When a government agency decides to get in the way of your investigation

When a government agency decides to get in the way of your investigation. Much attention has been focused on the Rowan County, KY clerk who is refusing to issue marriage licenses to gay couples. This brings to mind an unfortunately regular occurrence that we, as licensed private investigators working on complex claims investigations and background checks, encounter with government agencies refusing to provide information or records that they are legally obligated to.
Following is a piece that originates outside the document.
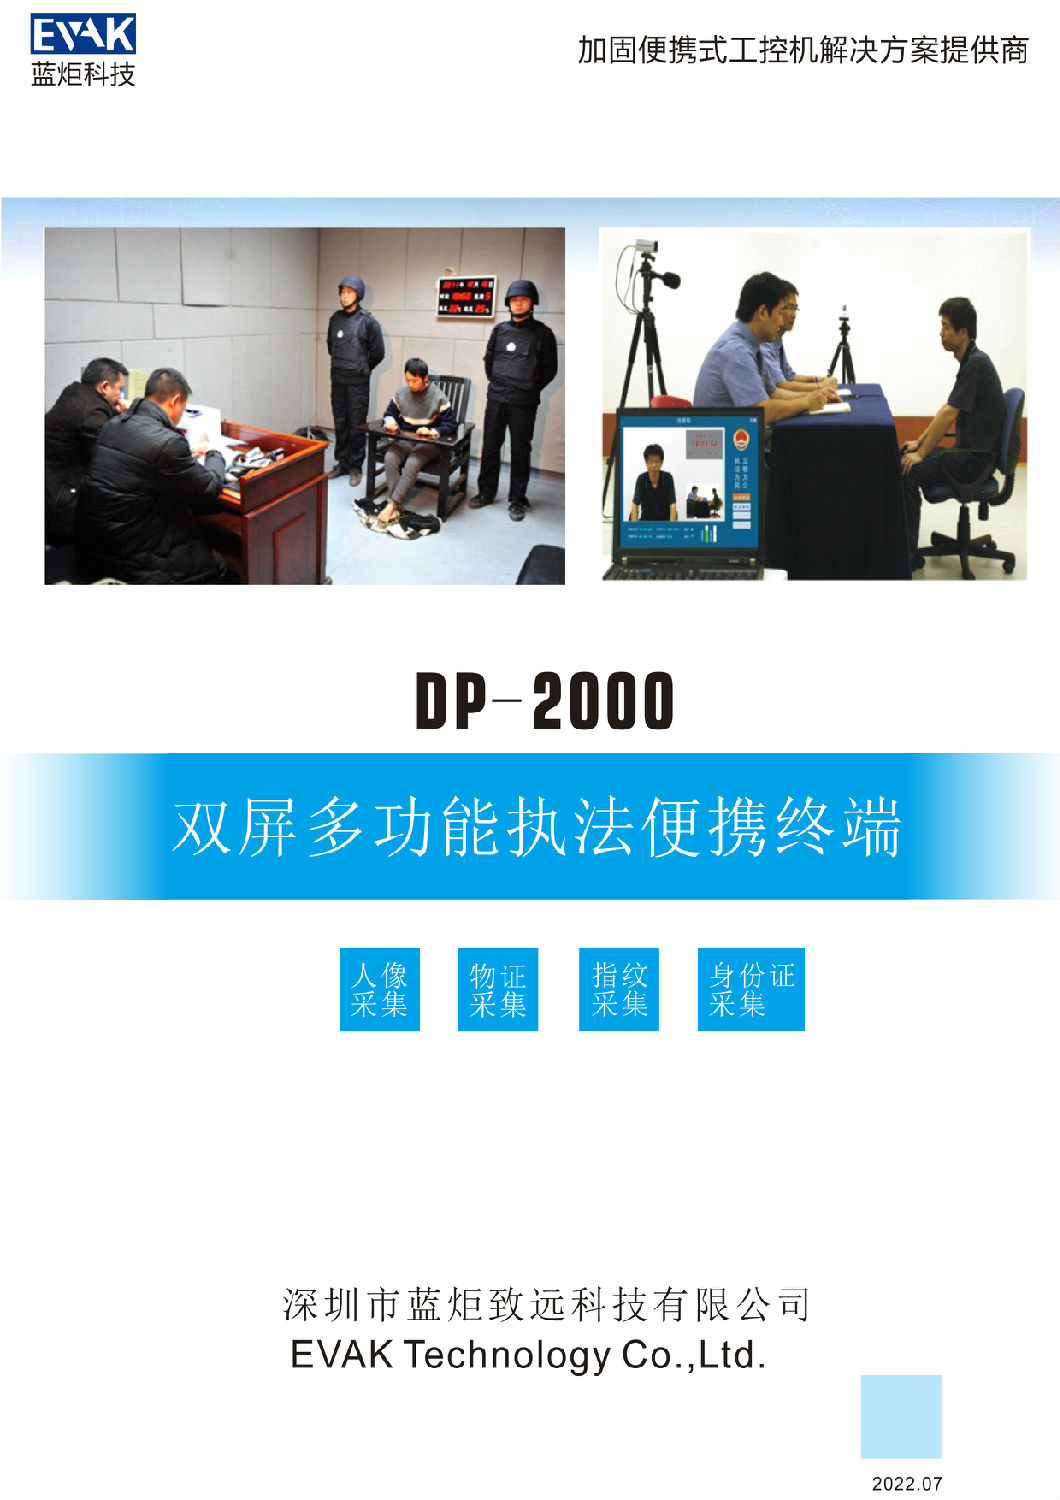 DP-2000双屏多功能执法便携终端-1.jpg

In some instances, the agency we are trying to work with is gigantic and the bureaucracy gets in the way. For instance, being located in metro-Detroit, we have had constant battles with the City of Detroit to try and get Freedom of Information Act requests answered. In instances like this, there is no one person getting in the way, and the carousel of “leaders” that we contact  appear not to care or lack the ability to respond. (Note: working with the City of Detroit is getting easier and they are much more efficient these days, the City of Chicago, not so much) This spring, our office received a response to a FOIA from Detroit 21 months after it was submitted! We also encounter the opposite where a smaller municipality elects not to cooperate for political reasons. In a case in 2014, we attempted to get records from a smaller city in Montana regarding a fire department call to a claimant’s residence. The city attorney turned out to be close friends with the plaintiff’s attorney and stoned walled us. In a separate instance, a City Attorney of another town said that if we did not disclose the nature of our investigation and who we were working for, which we cannot by law, he would never release this information and he would certainly find out through discovery if we sued for it.

For those of your who are familiar with FOIA law, you might ask, why not sue them? Well in most cases, our clients simply do not want us to take it that far. In others, the time, energy and cost to do so far outweighs the benefit the records may impart to the case. The really bad news is that these agencies and bureaucrats know this and the reality is that most of the time it works and the requester goes away. The salt in our wound is that sometimes our client does not appreciate this possibility and see the failure as bad investigators who don’t know what they are doing.